◆ ASSIGNMENT
Could you set down the listing below exactly, leaving out its pictures?
(SUPPLIED INFORMATION Opens)
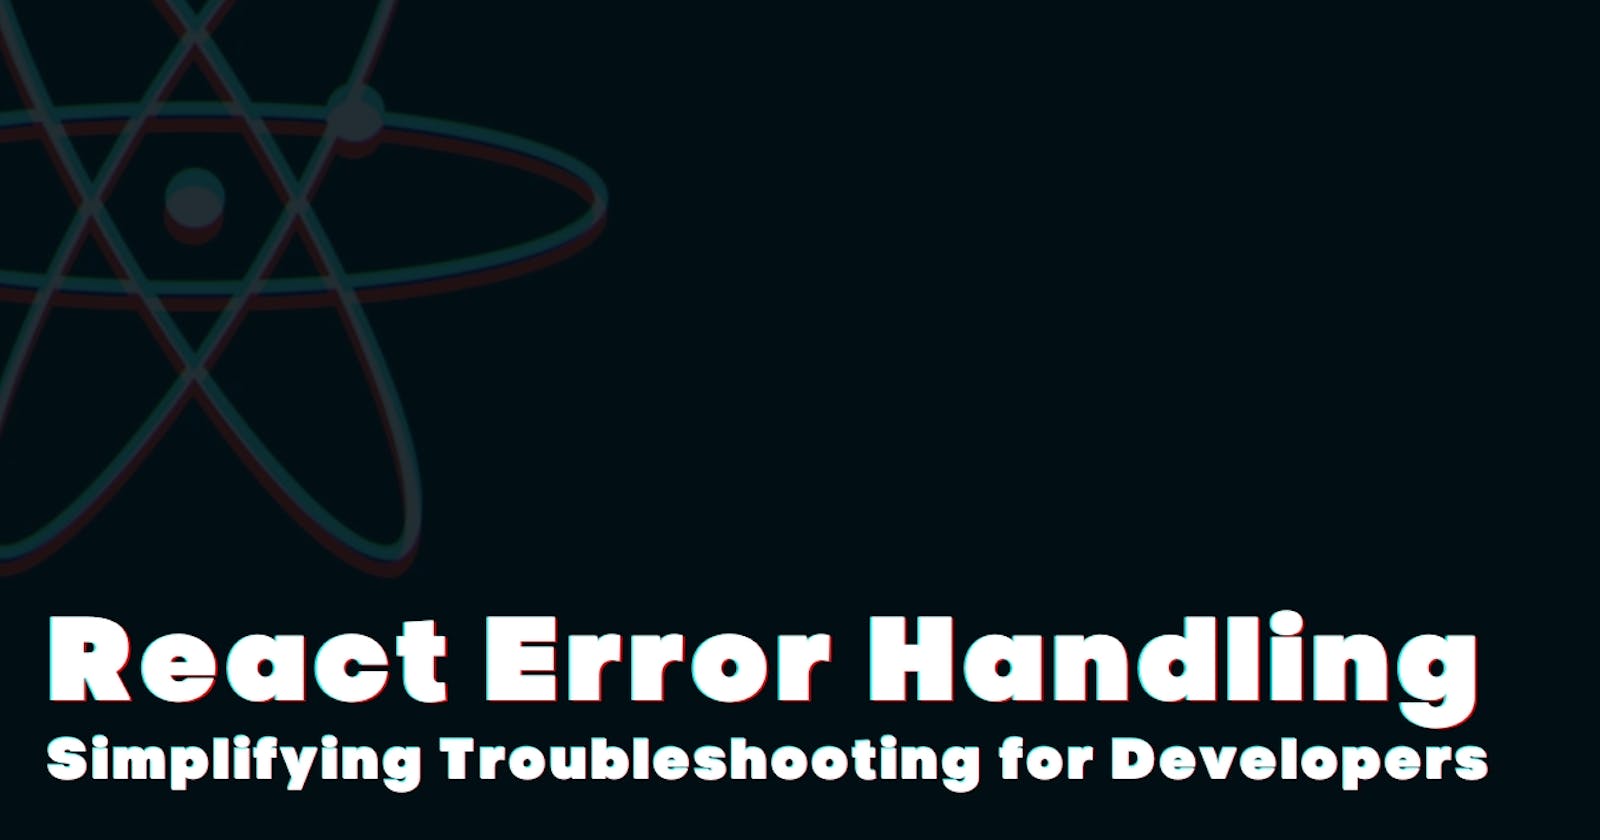 React Error Handling: Simplifying Troubleshooting for Developers
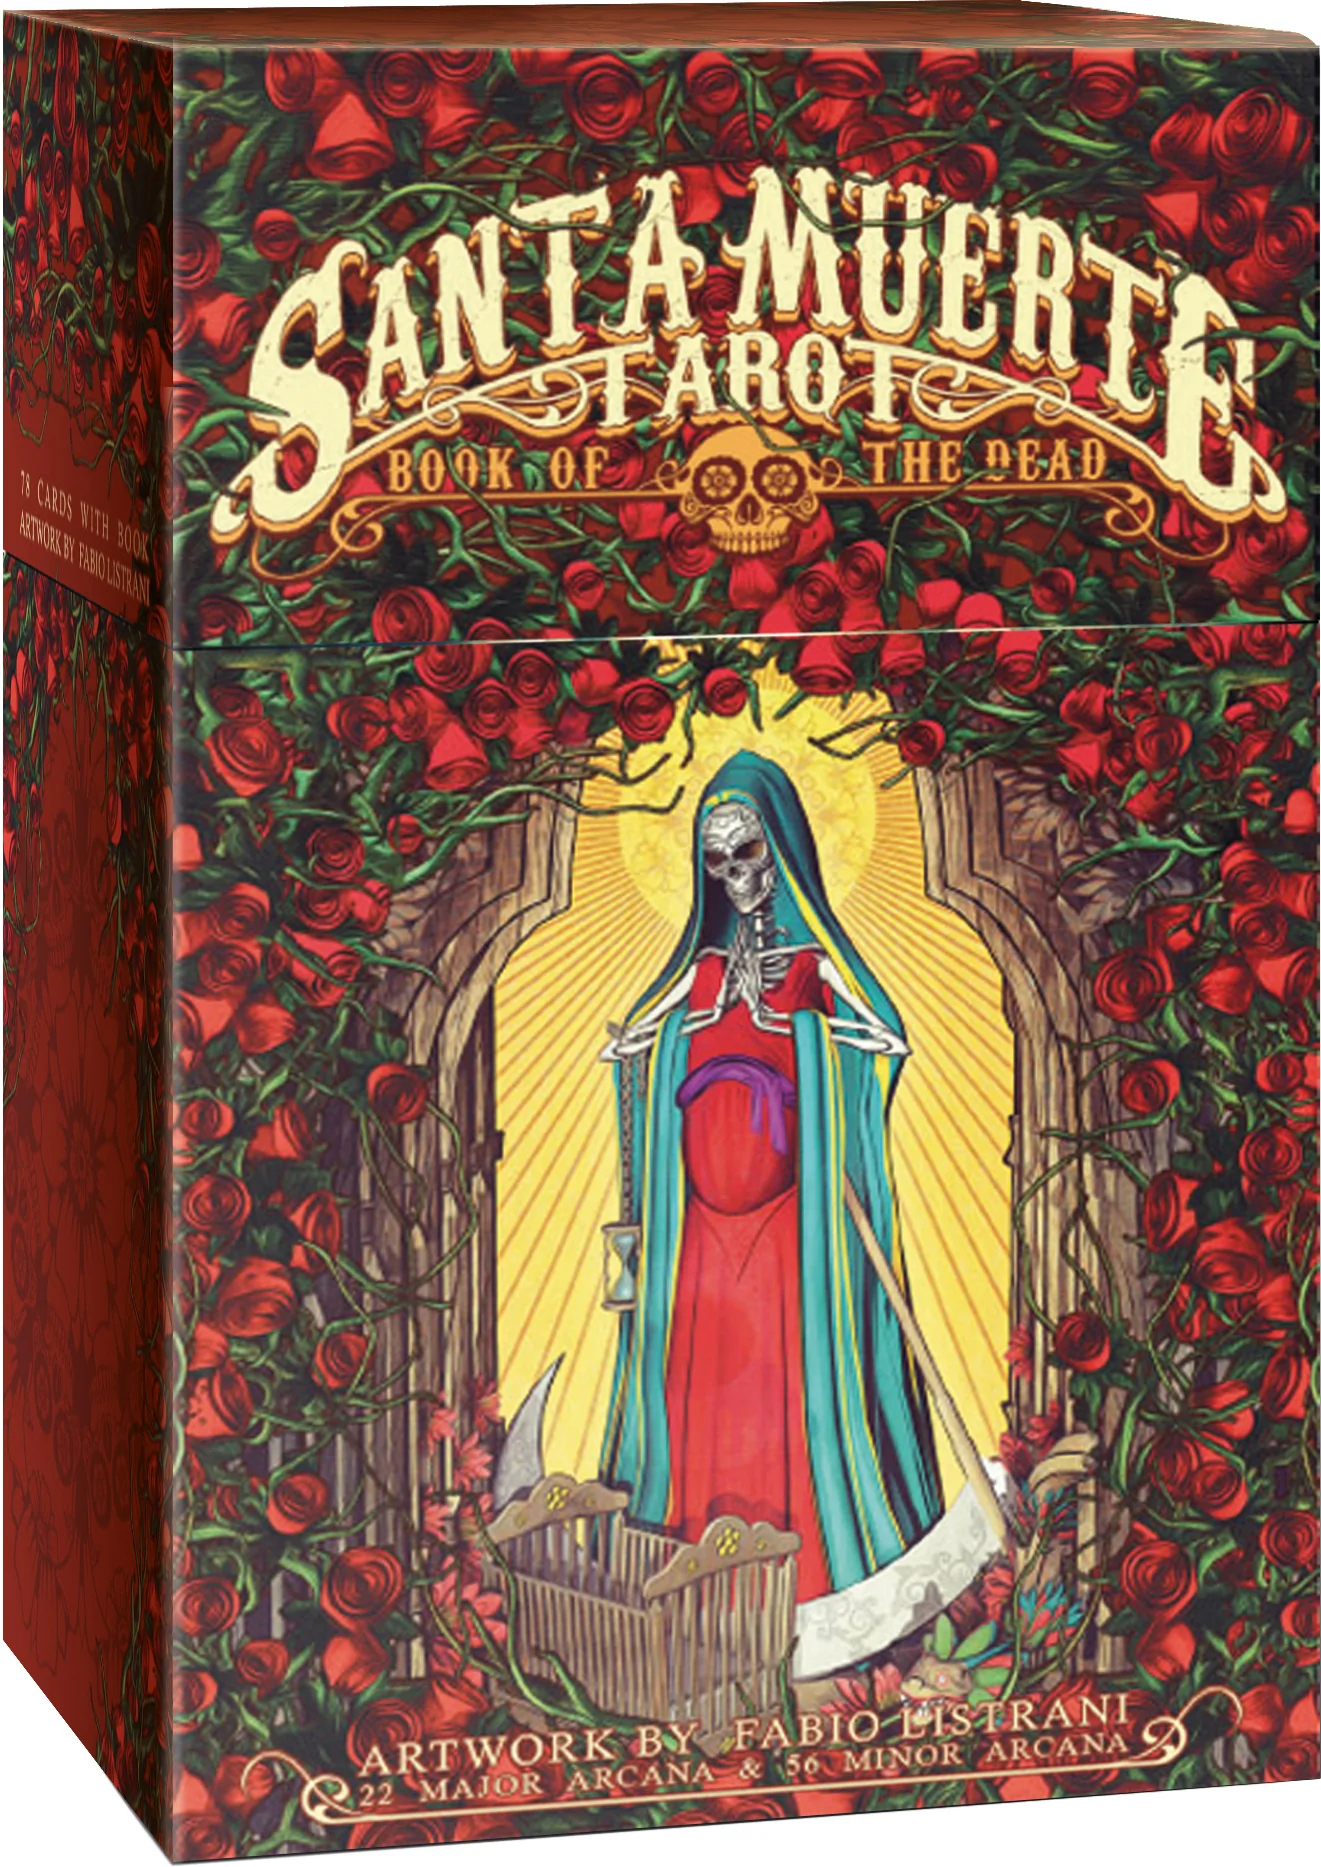 A box of Santa Muerte Tarot by Fabio Listrani
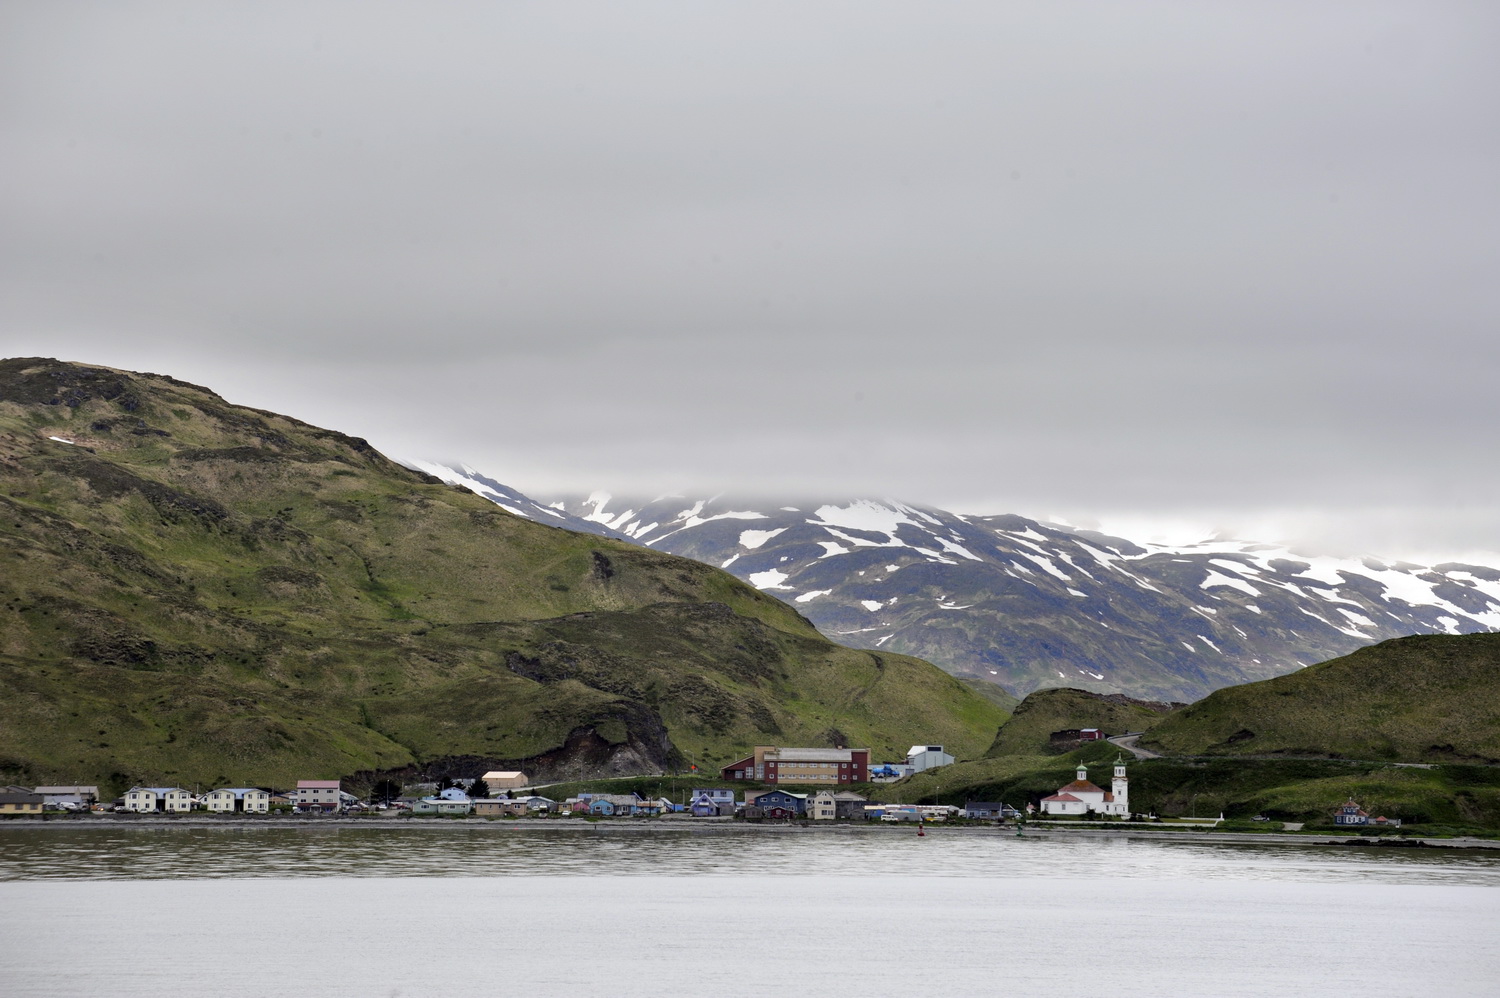 Dolph Kessler - Aleutian Islands to Dutch Harbour, Alaska
(SUPPLIED INFORMATION Closes)
◆ RESULT OF THIS TASK
 React Error Handling: Simplifying Troubleshooting for Developers
 A box of Santa Muerte Tarot by Fabio Listrani
 Dolph Kessler - Aleutian Islands to Dutch Harbour, Alaska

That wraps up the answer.